Only after a drug has passed these first two phases of testing, does it enter double blind placebo controlled clinical trials. “Double blind” means that neither the clinician who is conducting the trial, or the subject participating in it, knows if the actual drug is being administered or if it’s a placebo. This helps ensure the reliability and objectivity of the results.

“Double blind is the gold standard of drug testing,” Marchica says. “Many new drugs fail at this point or before. In fact, drug companies would rather fail earlier instead of later, because it costs them less.”

It’s important to note that biotech innovations are patented upon discovery. That’s when the clock starts running on the 20-year span that a patent owner can control production and sale of a drug. This is often the justification drug manufacturers use for the high prices they charge. If they spend perhaps 10 years moving a drug through the development process, that leaves them only 10 more years to recoup their investment and make a profit before the patent runs out and their competitors can sell the same drug under a generic label.

A monopoly on immortality

Should there be significant breakthroughs in age-reversal drug development, some concern has been expressed that such wonder drugs would only be available on a limited basis to the very rich. But Marchica suggests that such absolute exclusives are rare in pharmaceutical development.

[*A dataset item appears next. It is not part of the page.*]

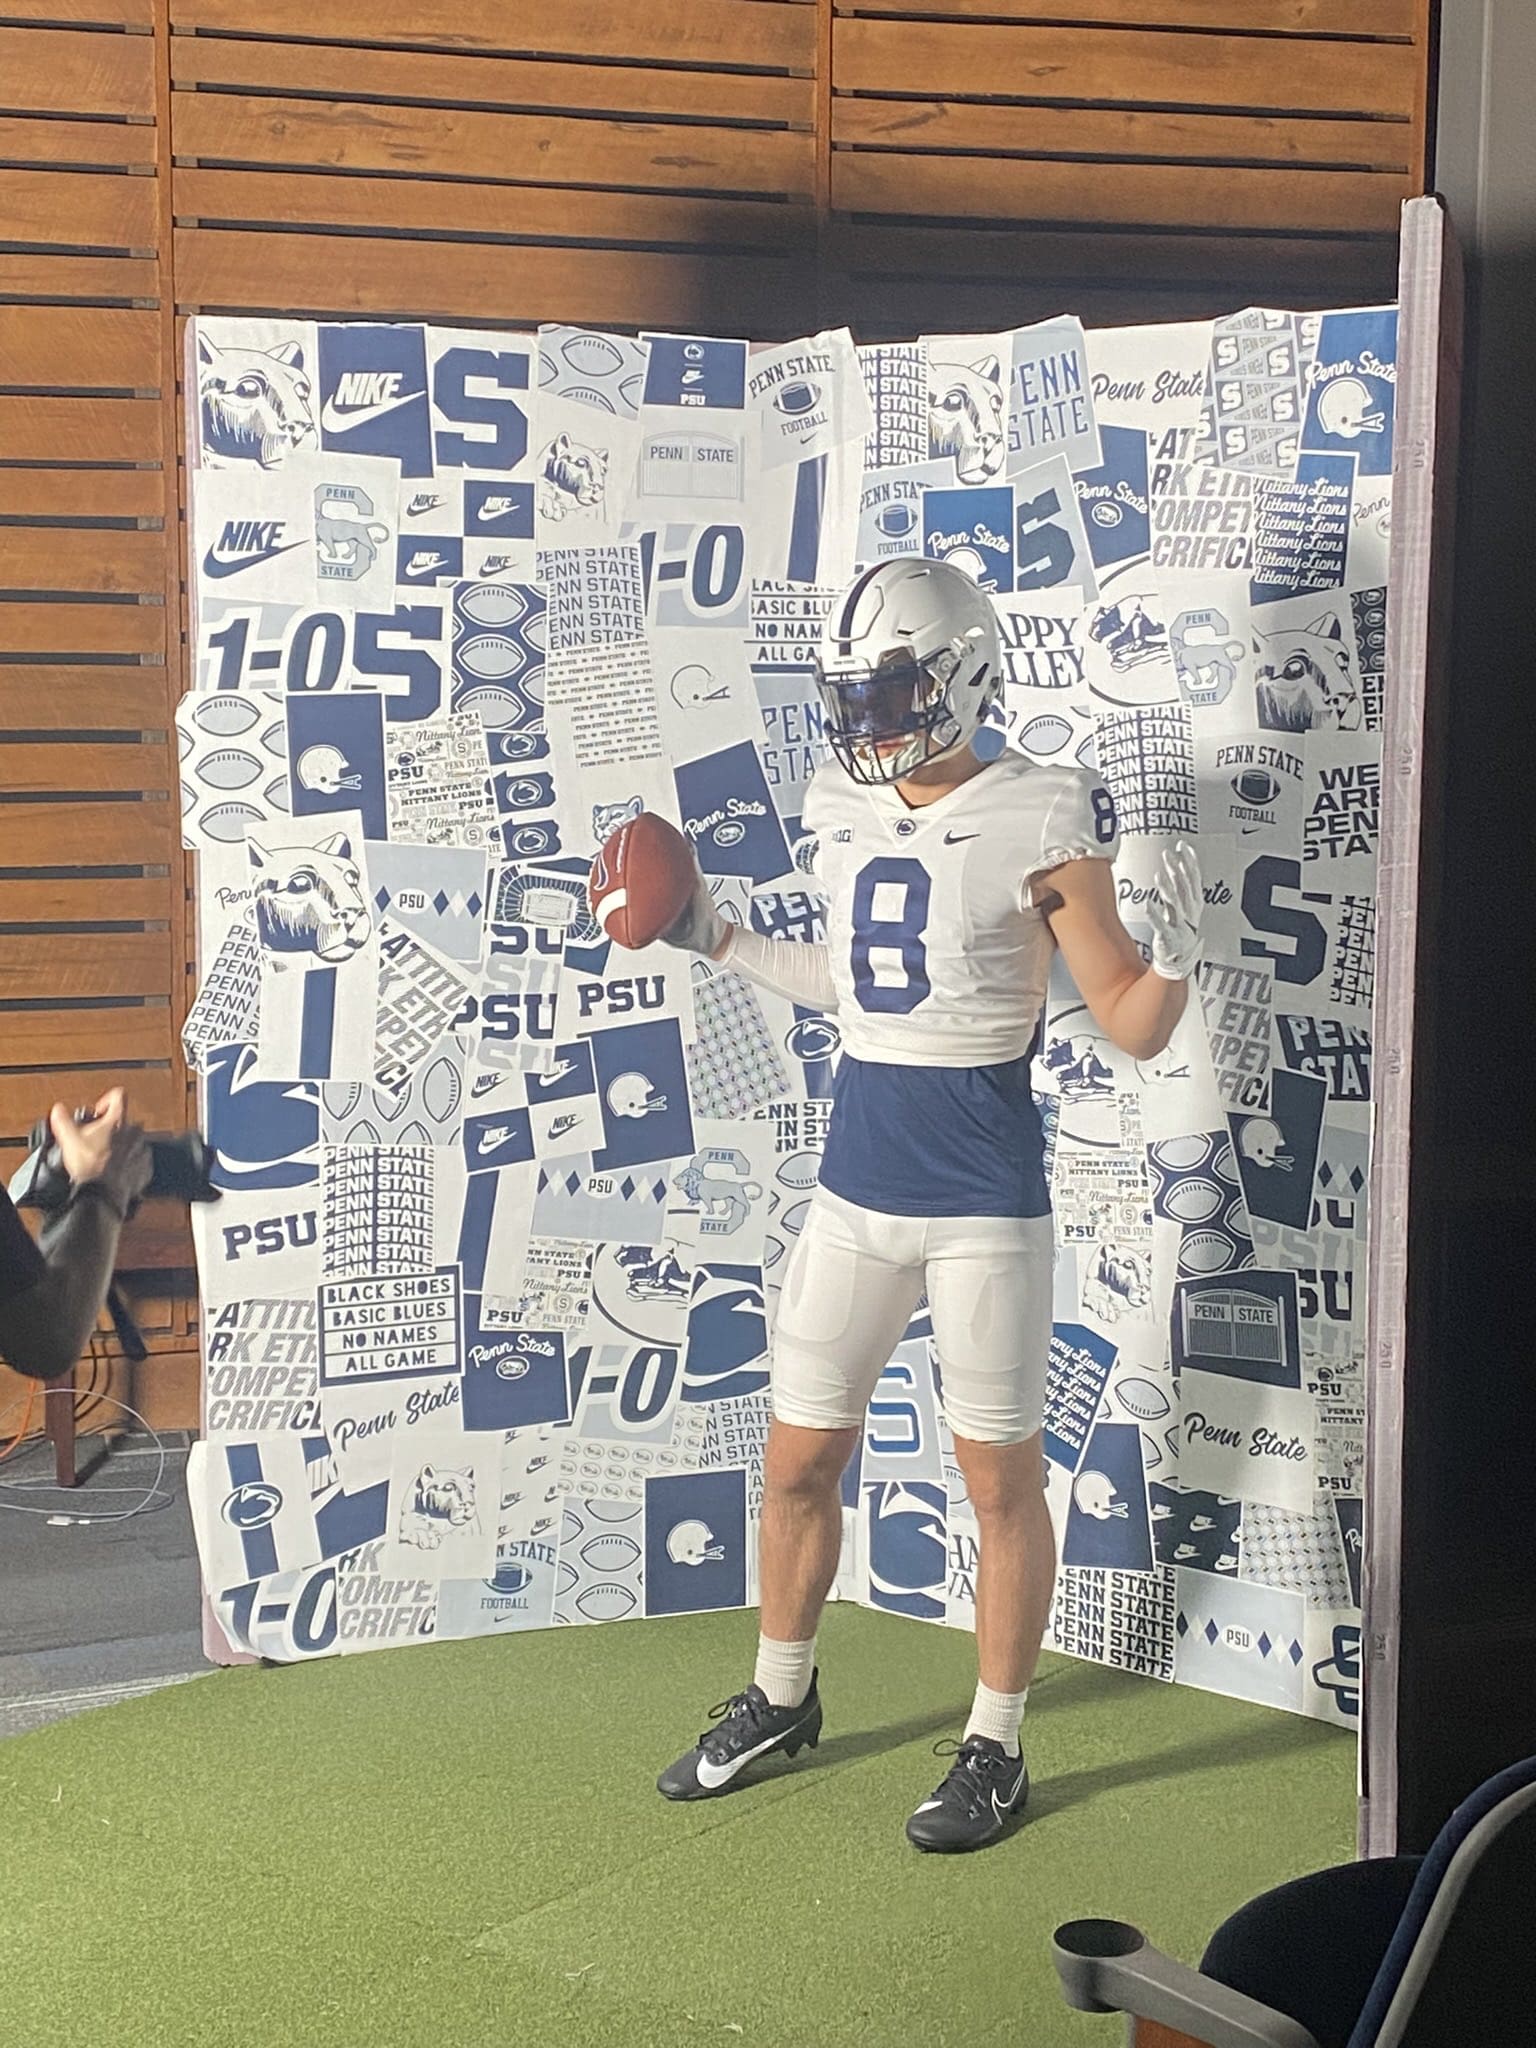 No. 2 player in PA chooses Michigan over PSU

“When something gets discovered,” he says, “it ends up being presented at conferences and other people try to replicate it. They want to see if it’s legit and look for similar ways to skin the cat. Even if it’s a novel discovery, usually there are others to reach comparable results.”

Marchica points to the example of the hepatitis C drug, Harvoni, which was followed up by competitors’ versions about a year later, driving prices down.

Some answers are already here – but are we listening?

Another point worth making is that there are obvious steps we can all take to fight aging that cost nothing, such as not overeating, which we as a society are failing to do.

“Anti-aging drug therapies are certainly one of the holy grails of medical research,” says Marchica. “As long as we’ve been on this planet, we’ve been trying to live longer than those who came before us. But it’s ironic that we’re in this constant quest, when many answers are right there for us, and we don’t do them.”

Marchica points out that we’re not just a nation of aging people, we’re a sick nation of aging people. It’s common sense that the healthier we are, the longer we are likely to live. Unfortunately, our obesity rates and diabetes rates are significantly higher than other developed countries. “These are things we can control,” he says, “and we’re not doing a very good job of it.”     

The larger trends

The previous trend in drug development was to focus on treating major health conditions that impacted massive patient populations at relatively lower costs. This saw the creation and marketing of antibiotics, blood pressure drugs, cholesterol drugs, and diabetes drugs, which have been broadly prescribed. The current trend in pharmaceutical and biotech is developing specialty drugs, designed for a fewer number of patients, but costing much more, such as hepatitis C drugs.

Since aging is the ultimate broad-based condition – we all have it – this trend would seem to point away from anti-aging innovation. But there is another trend in effect as well, and that is one toward precision medicine based on our individual genome. It’s about creating the custom formula for each individual. And when it comes to cracking the code for curing aging, the answer might not be one miracle pill, but something more tailored to your unique makeup.

There are other reasons for optimism as well. “As a nation, we provide sick care rather than health care, and certainly that model is changing,” Marchica says. “There’s a lot more focus on prevention.”

One area of anti-aging research that has received a good amount of investment is the fight to treat Alzheimer’s and dementia. Unfortunately, according to Marchica, the results so far “have been pretty poor. There’s been a lot of investment but nothing available currently or in Phase 3 has people jumping up and down.”

Still, even in this there is room for optimism. “Right now, there’s nothing out there for true age-reversal,” says Marchica, “so there’s nothing but upside.”